Наше моральное и физическое состояние было пониженным – не спали, не ели, а надо идти куда-то. В довершение всех бед полил дождь, хотя температура была ниже нуля. Такого феномена я в моей долгой жизни не видел и, вероятно, не увижу. Я не участвовал в Ледяном походе, но я не знаю, чем наш поход от Синявки до Мокрого Чалтыря отличается от Ледяного похода. Дождь шел проливной и тут же замерзал на нас, обращаясь в ледяную кору.

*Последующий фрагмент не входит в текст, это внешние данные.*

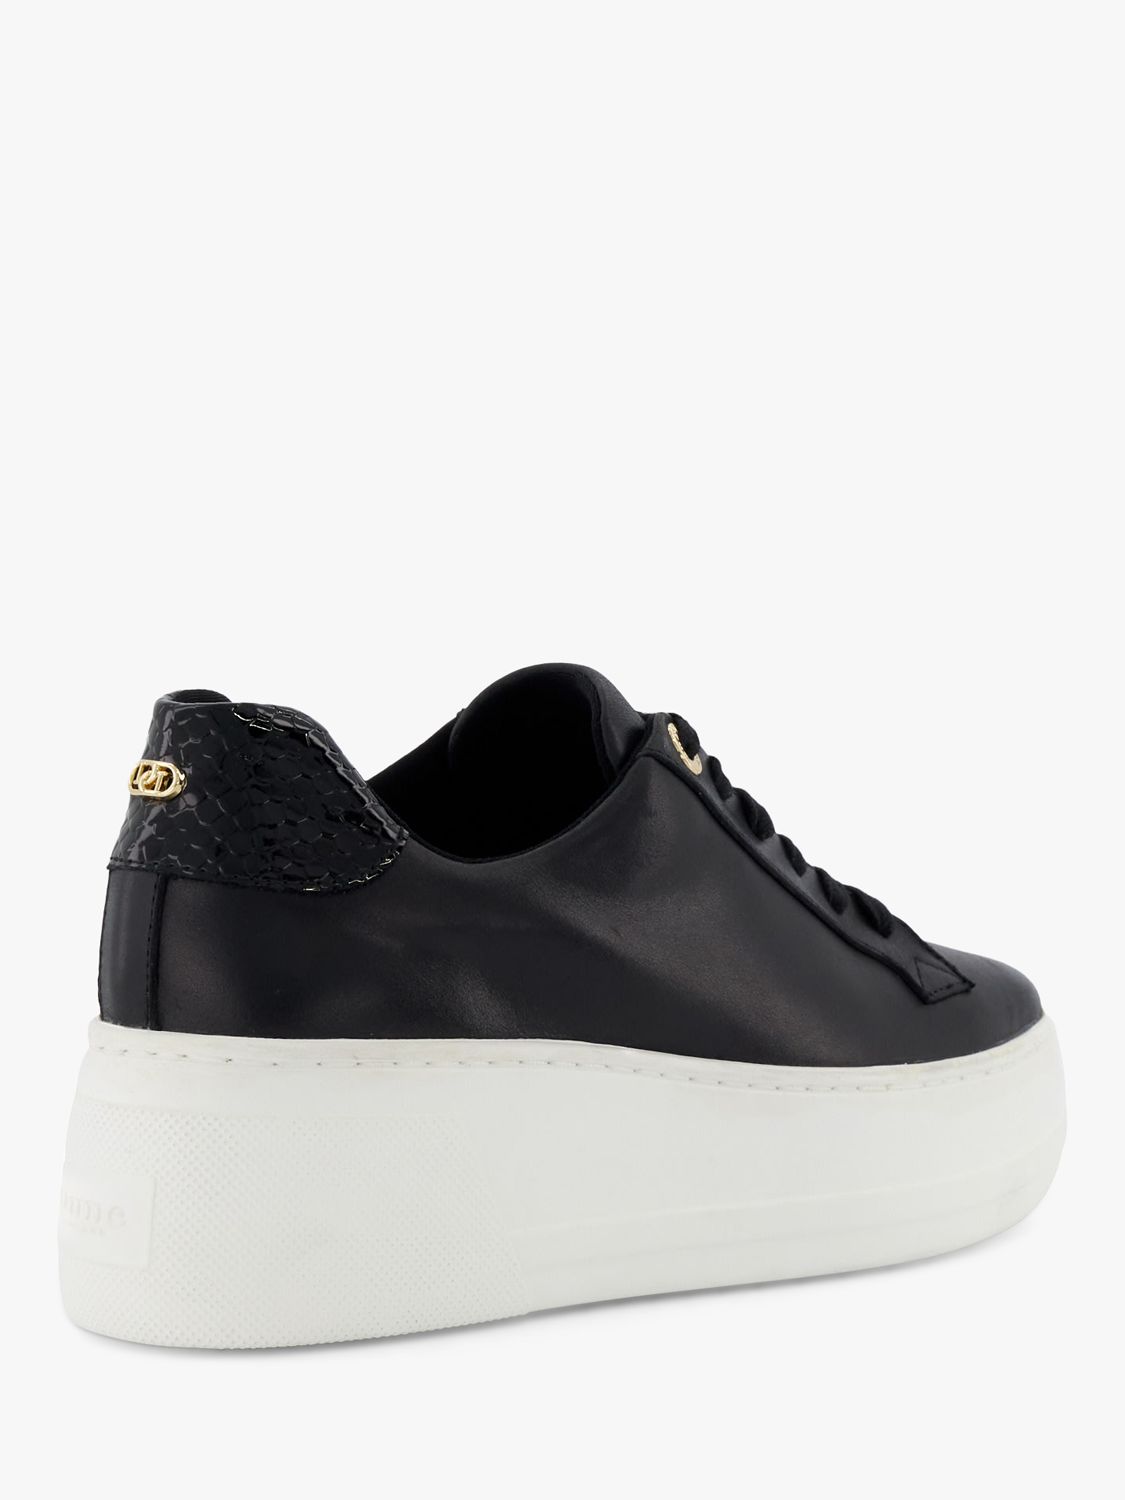 Buy Dune Episode Leather Reptile Detail Flatform Trainers Online at johnlewis.com

Мои усы и борода примерзли к воротнику, а когда на остановке я сошел с седла, моя шинель осталась стоять колом, как пачка танцовщицы в балете.

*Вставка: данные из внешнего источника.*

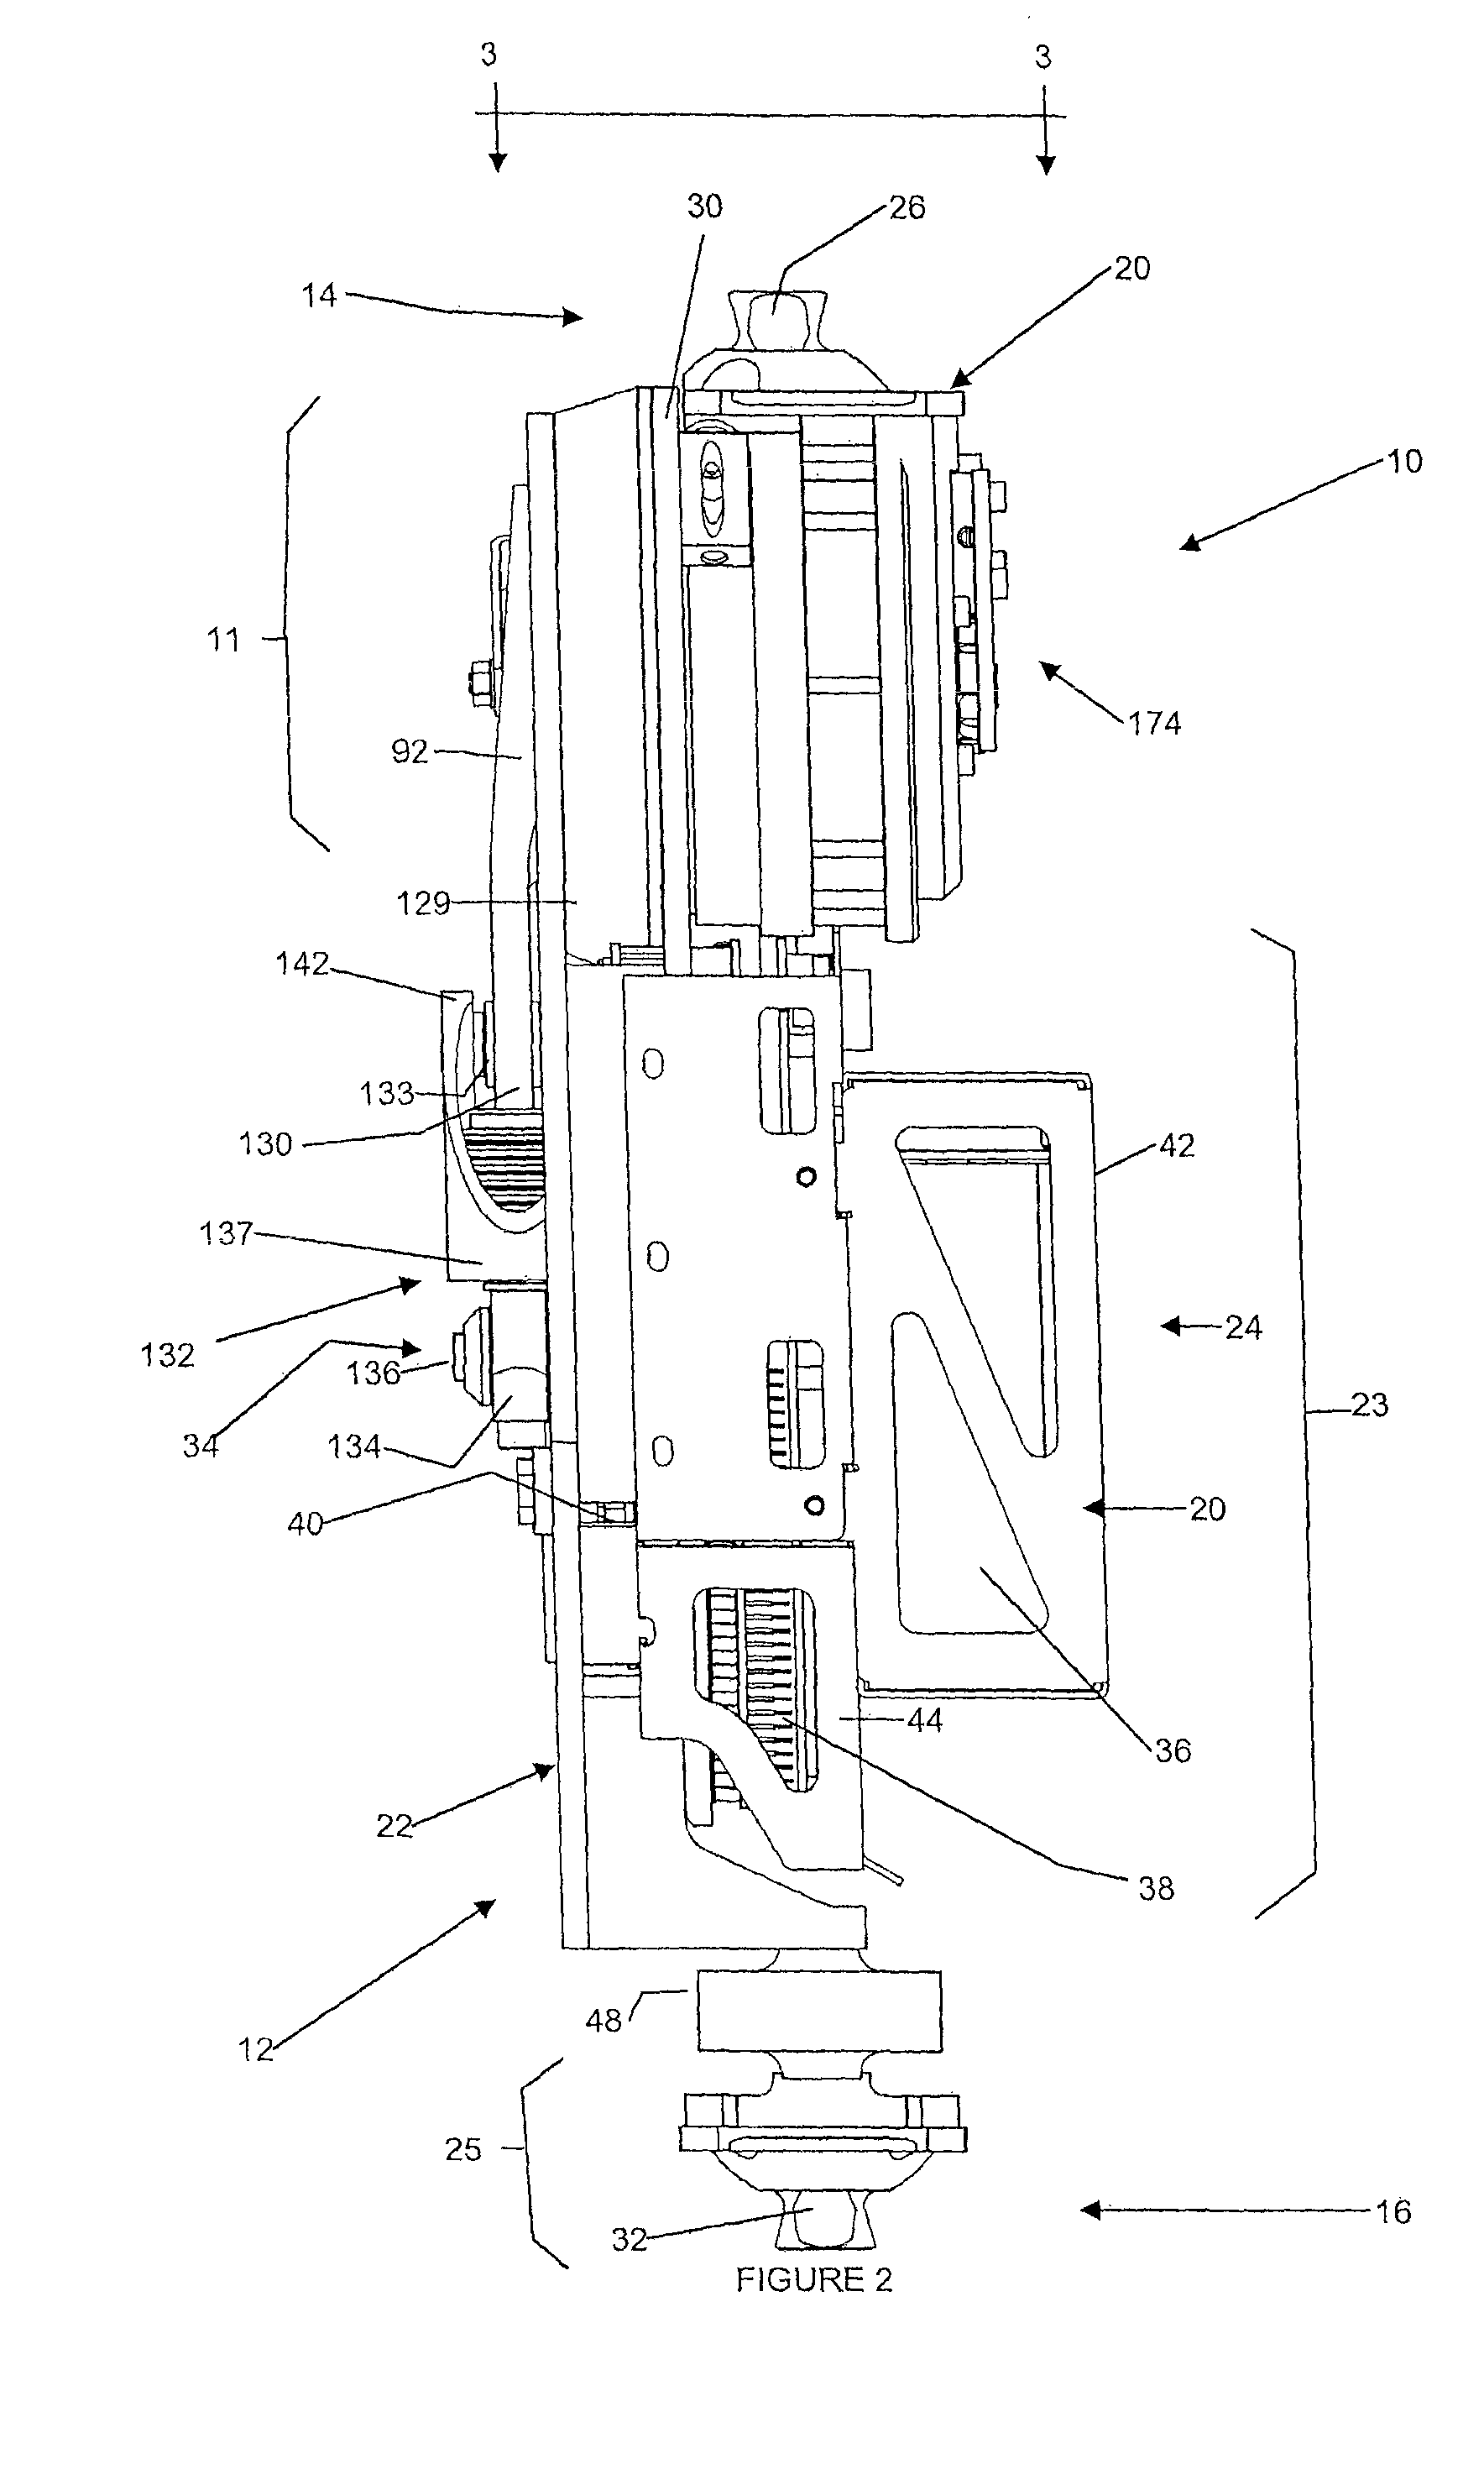 Joint actuation mechanism for a prosthetic and/or orthotic device having a compliant transmission

Я помню, как мы проклинали эту жестокую погоду, как мы возмущались этим нечеловеческим испытанием, но в то время мы не знали и не понимали, что это испытание – столь трудно переносимое – было нашим спасением.
Вечером 25 декабря весь полк пришел в зажиточное армянское село Мокрый Чалтырь. Мы были такими усталыми и голодными, что буквально накинулись на гигантскую яичницу и хлеб с маслом и, не дождавшись жареного гуся, как сомнамбулы бросились на постланную солому и заснули свинцовым сном. Из краткого разговора с хозяйкой, доброжелательной армянкой, мы услышали, что Ростов два дня тому назад занят большевиками, но мы этому не поверили, и усталость была такая, что мы думали лишь о сне. На рассвете – приказ выступать: разрезали бедного гуся и взяли его… на память. Полк выстроился в колонну и двинулся к Ростову. Во время остановок в деревнях мы узнали волнующие новости, будто бы Ростов уже занят, но что было хуже – это сообщение, что главный рукав Дона размолот ледоколом, а мост через Дон взорван. Нечего и говорить, что моральное наше состояние было весьма низко, и мы не делились этими катастрофическими сведениями с нашими подчиненными, чтобы их не деморализовать.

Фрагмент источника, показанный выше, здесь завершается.